Puységur’s sensitivity and receptivity to criticism conferred respectability to these qualities as authentic phenomena. On one occasion he allowed for experimentation involving a highly suggestible subject by the name of Madeleine to be relocated to the residence of critic M. Mitonard. There, Puységur watched on as Mitonard was given free rein to do as he pleased with the subject. At one point he simply stood before Madeleine, unconsciously challenging her to read his innermost thoughts. But Madeleine was up to the challenge; within a few seconds she stepped forward, thrust her hand into his pocket to retrieve three screws, and then candidly offered them to him. Mitonard was so impressed that he dumped his cynical attitude and quickly took up the mantle of a follower. In the late nineteenth century the telepathic abilities witnessed during hypnotic states was scrutinized under more controlled conditions by French parapsychologist Dr. Paul Joire (1856-?).     

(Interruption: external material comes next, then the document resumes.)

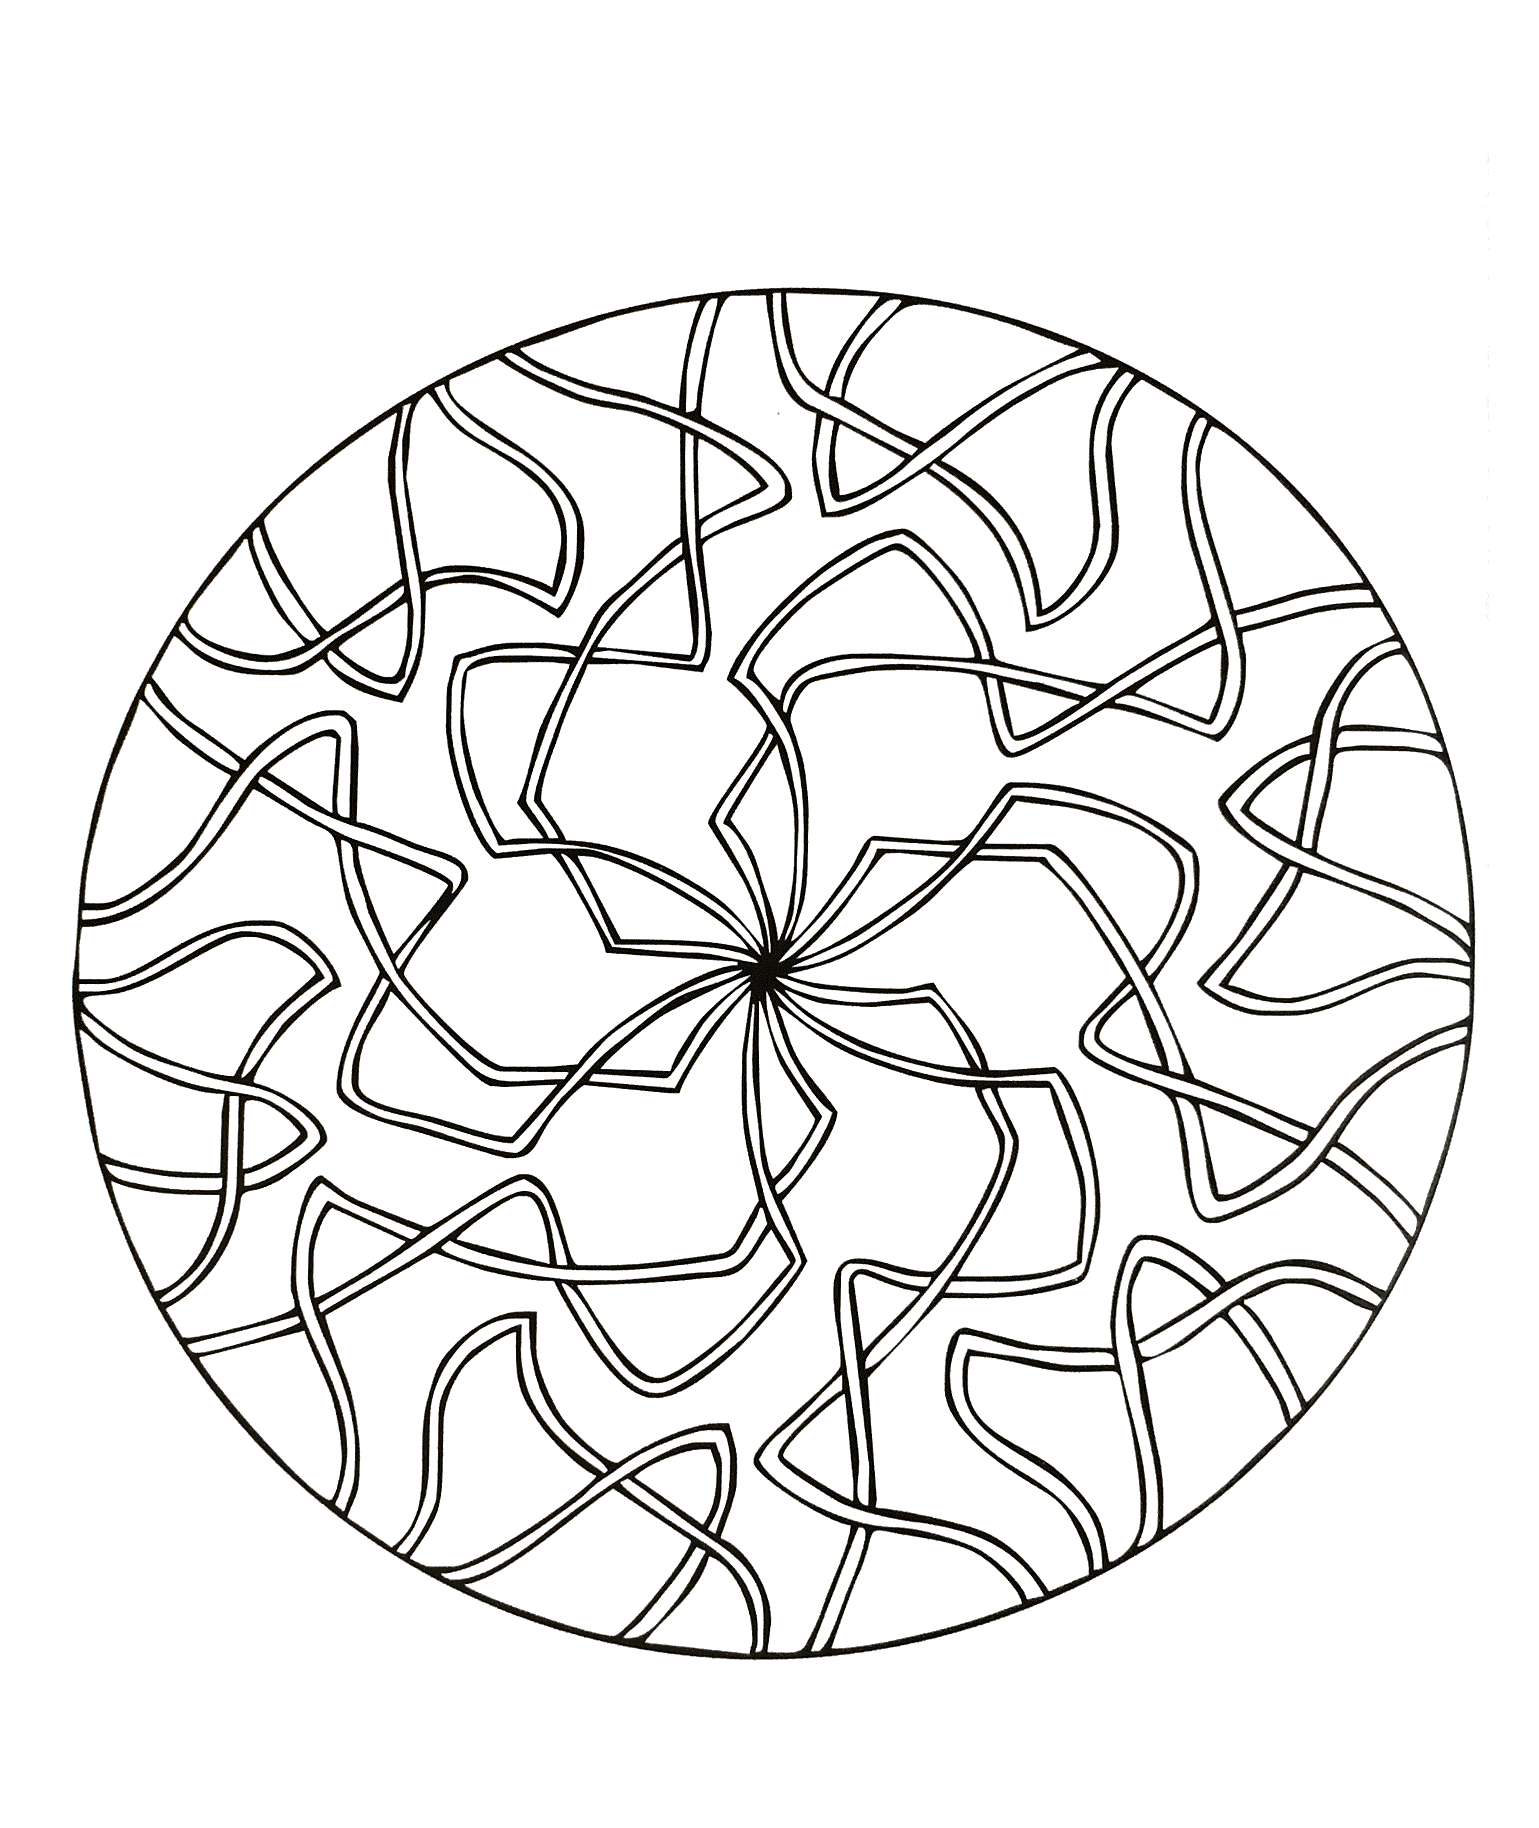 Elegant and harmonious Mandala ... When coloring can really relax you ... This is the case with this Mandala coloring page of high quality.

It wasn’t long before the discoveries spread like raging conflagrations across the French countryside and beyond, eliciting a moral and social fad that wouldn’t fizzle out until the end of the nineteenth century. Eventually the ‘magnetic’ current initiated by Franz Anton Mesmer bifurcated into three main tributaries, each representative of a specific stream of esoteric thought: the school of traditional materialists; the school of psycho-fluidists; and the school of magnetizers. The first remained true to Mesmer’s theorizations, save perhaps for the decision to depose mesmeric fluid as the base substance of the cosmic for the more widely-accepted ‘vital electricity’. Those adhering to the second class were faithful followers of the Marquis de Puységur and feverishly resisted the animistic cosmogony of spiritism; they held that a latent, higher self indigenous to the being of each individual could be unveiled through somnambulism. Members of the third and final group were much more liberal in their understanding of the mechanics of the cosmos, asserting that communion with discarnate entities–with angels, demons, and the recently departed–was possible once one had been plunged into a mesmeric trance-like state.

In 1843, the English surgeon James Braid (1795-1860) coiled the term hypnosis to describe the state of contracted consciousness described in the preceding paragraphs. Braid understood the condition from a purely reductionist and psychological perspective; it was nothing more or less than an objective state of diminished self-awareness or monoideism induced by means of intense concentration and duplicated through autosuggestion. According to Braid, there was simply no existing evidence to back the conviction that hypnotic trance states and the manner of entry utilized to attain them were preternatural or occult in nature. Why should the manner of causation be something as unlikely, fantastical, and quantitatively unverifiable as Mesmeric fluid and ‘magnetic’ exchanges between individual bodies when the psychological science of suggestion seemed so much more coherent and intellectually valid? A fair enough assessment for the conventions of the time one would think! Once imbued with this newfound scientific validity, hypnotism rocketed to the uppermost echelon of dynamic psychiatry as the preferred tool for investigations into the labyrinthine, abyssal anatomy of the human mind. In time, it proved itself a formidable method of exploring the penumbra of the psyche, the full spectrum of consciousness outside the subjective reality experienced by the individual. Moreover, it also became a viable, clinically respectable recourse for psychiatrists wanting to reintegrate fragmented personalities such as those of the renowned Sybil Isabel Dorsett (Shirley Ardel Mason) and Karen Overhill into single identities.